Коротко и ясно, но как мучительно.
Адвокат уже собирается сесть, но Пипа продолжает говорить:
– Пусть все поймут, что я
Запнувшись, она тихо, словно из последних сил, произносит:
– В этом вся разница.
Я думаю о моем собственном выступлении, тщательно подготовленном Лаурой Кинг. «Вы должны донести до суда, почему именно вы возражаете против решения врачей». Вспоминаю весь тот солидный арсенал аргументов в пользу сохранения жизни Дилану, что нам удалось собрать. Перед глазами всплывают образы, столь эмоционально обрисованные Пипой.

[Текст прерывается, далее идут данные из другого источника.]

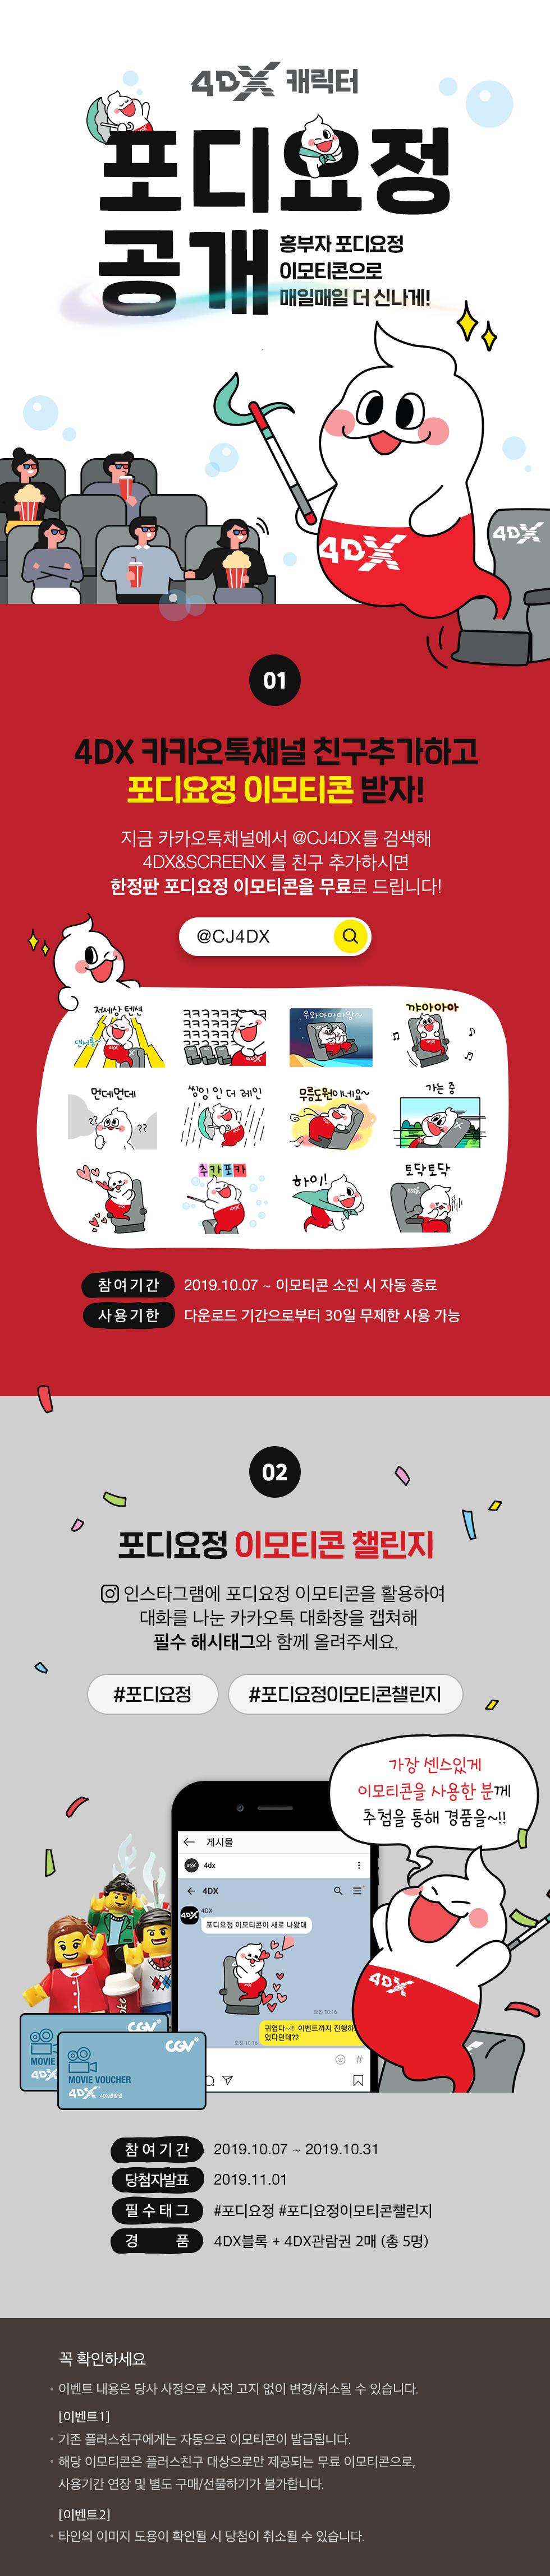 멤버십 4DX 캐릭터 포디요정 공개

И в мою душу закрадываются сомнения.
– Все свидетельства были в пользу просителя, – говорит мне Лаура во время перерыва.
Отхлебнув кофе из местного буфета, она делает гримасу.
– Их главная цель – заставить вас сомневаться. Но после выступления наших свидетелей вы почувствуете себя гораздо увереннее.
Так и происходит.
Наш первый свидетель – доктор Ганс Шульц. У него темные волосы и круглые очки, делающие его похожим на сову. Его осанка настолько безупречна, что, когда он пришел в больницу, я почти ждал, что он начнет по-военному щелкать каблуками. Он был вторым независимым врачом, которого нашла Лаура.
– К сожалению, я не смогу выступить на вашей стороне, – заявил первый. Французский педиатр в костюме от Пола Смита.
Его заключение было кратким и столь похожим на заключение доктора Халили, словно они были написаны ими совместно. «Вероятность осмысленной жизни полностью исключена». Таков был его безжалостный вердикт.
– Я провел с пациентом достаточно времени и заметил, что его зрачки реагируют на свет, а когда я говорил, он поворачивал ко мне голову, – на безукоризненном английском сообщает доктор Шульц суду.